Okay, I am trying to replace some words in documents and use text.height
to "delete" these words. Here is an example document :
http://workupload.com/file/G8ipDe8j
Peter
Am 02.03.2016 um 19:24 schrieb Tilman Hausherr:
> Am 02.03.2016 um 14:48 schrieb Peter Prusinowski:
>> Hello,
>>
>> I have noticed that the PrintTextLocations example in 1.8 and 2.0
>> gives different results for text.getHeightDir(). In 1.8 the value
>> seems to be right, but in 2.0 it is too small. I tried with some
>> PDFBox created documents. Is this a bug ?
>
> Maybe, maybe not.
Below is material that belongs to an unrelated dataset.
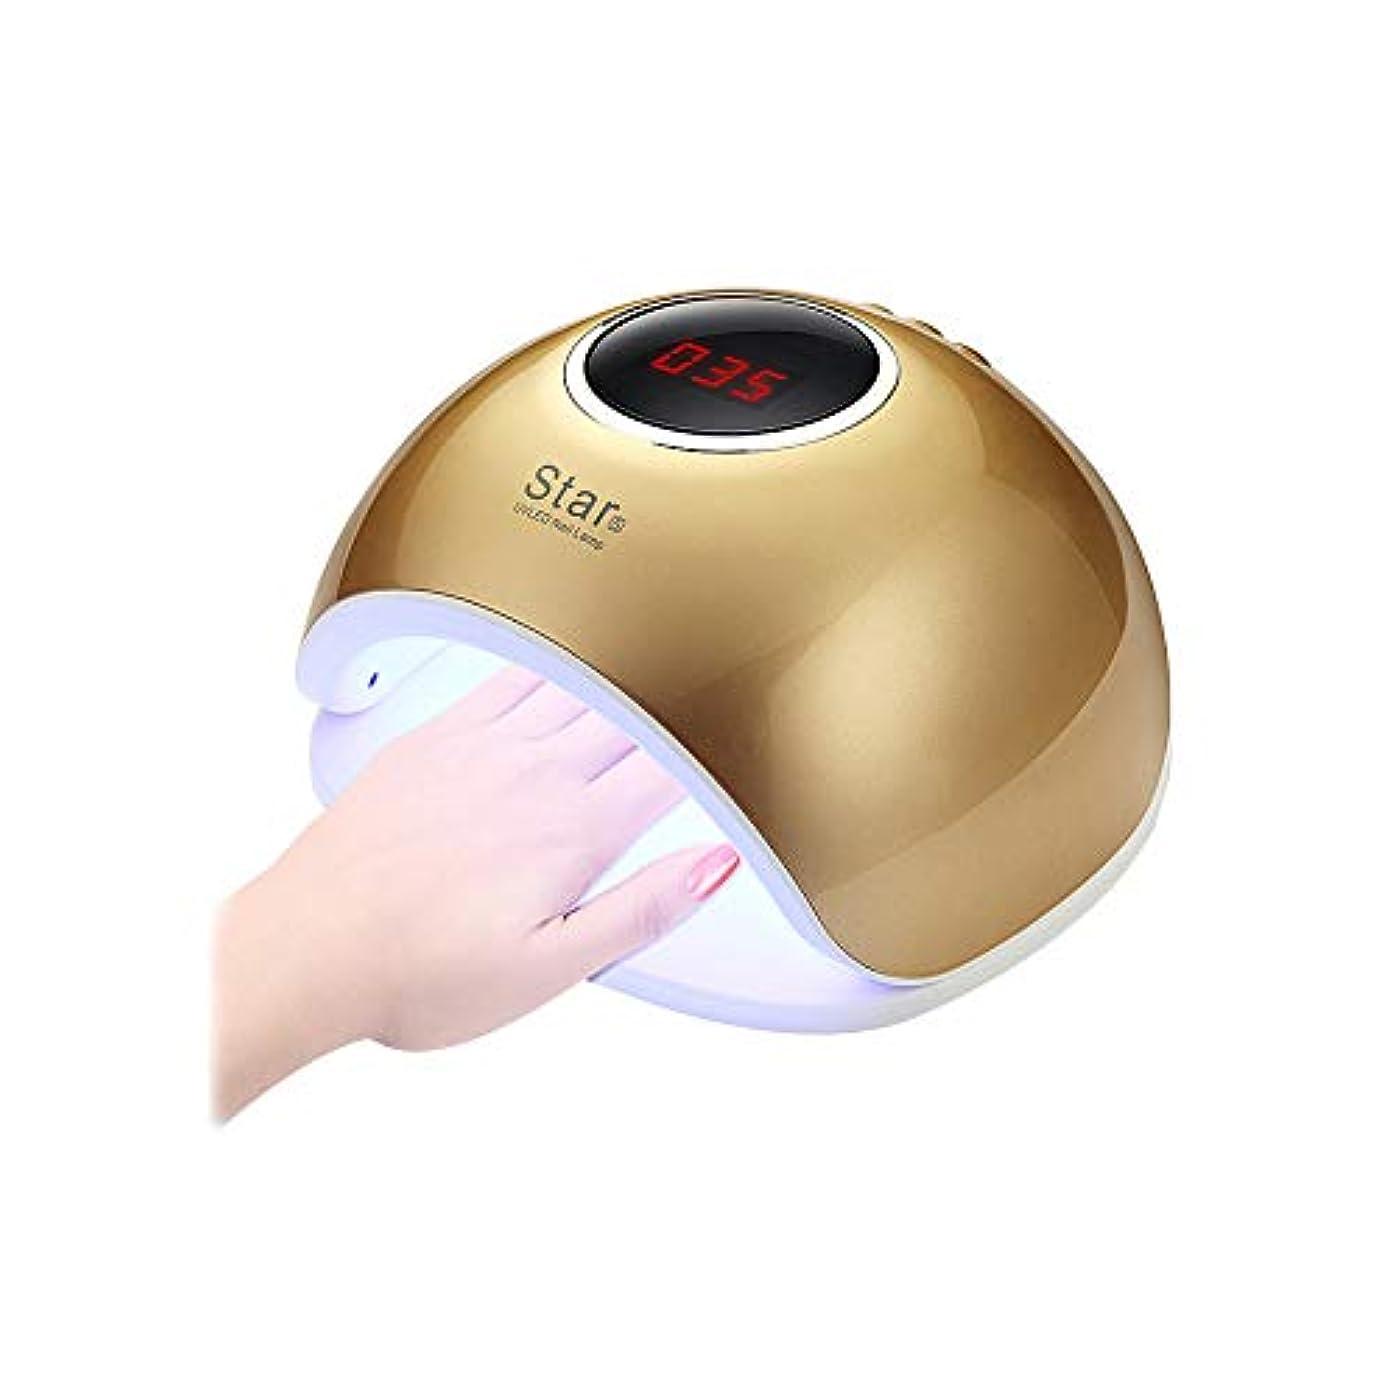 進行中ハント鳴らすLEDディスプレイ72Wインテリジェント誘導無痛速乾性光線療法ランプネイルポリッシュグルーライト速乾性ドライヤーネイルポリッシュUVランプ
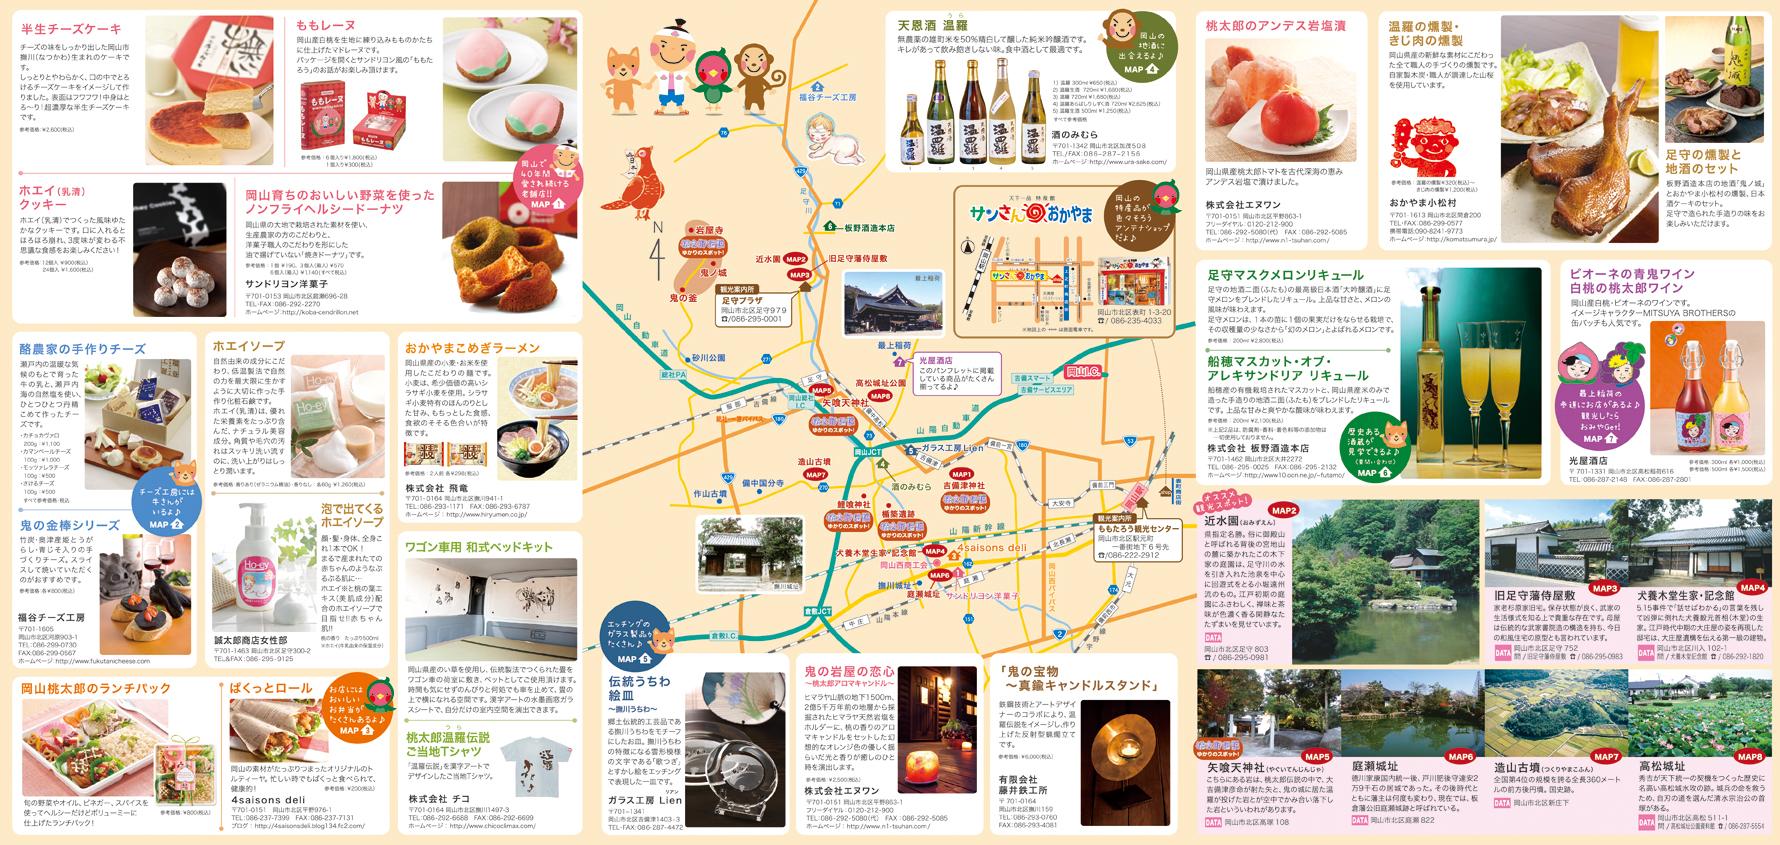 nishi2012_ol

The height is a heuristic value to help with text
> extraction, which is sometimes computed differently in 2.0, and it is
> usually about the height of an "a". Please upload the PDF.
>
> Tilman
>
> ---------------------------------------------------------------------
> To unsubscribe, e-mail: users-unsubscribe@pdfbox.apache.org
> For additional commands, e-mail: users-help@pdfbox.apache.org
>
---------------------------------------------------------------------
To unsubscribe, e-mail: users-unsubscribe@pdfbox.apache.org
For additional commands, e-mail: users-help@pdfbox.apache.org
Re: PrintTextLocations 1.8 vs 2.0
Posted by Tilman Hausherr <TH...@t-online.de>.
Am 02.03.2016 um 14:48 schrieb Peter Prusinowski:
> Hello,
>
> I have noticed that the PrintTextLocations example in 1.8 and 2.0
> gives different results for text.getHeightDir(). In 1.8 the value
> seems to be right, but in 2.0 it is too small. I tried with some
> PDFBox created documents. Is this a bug ?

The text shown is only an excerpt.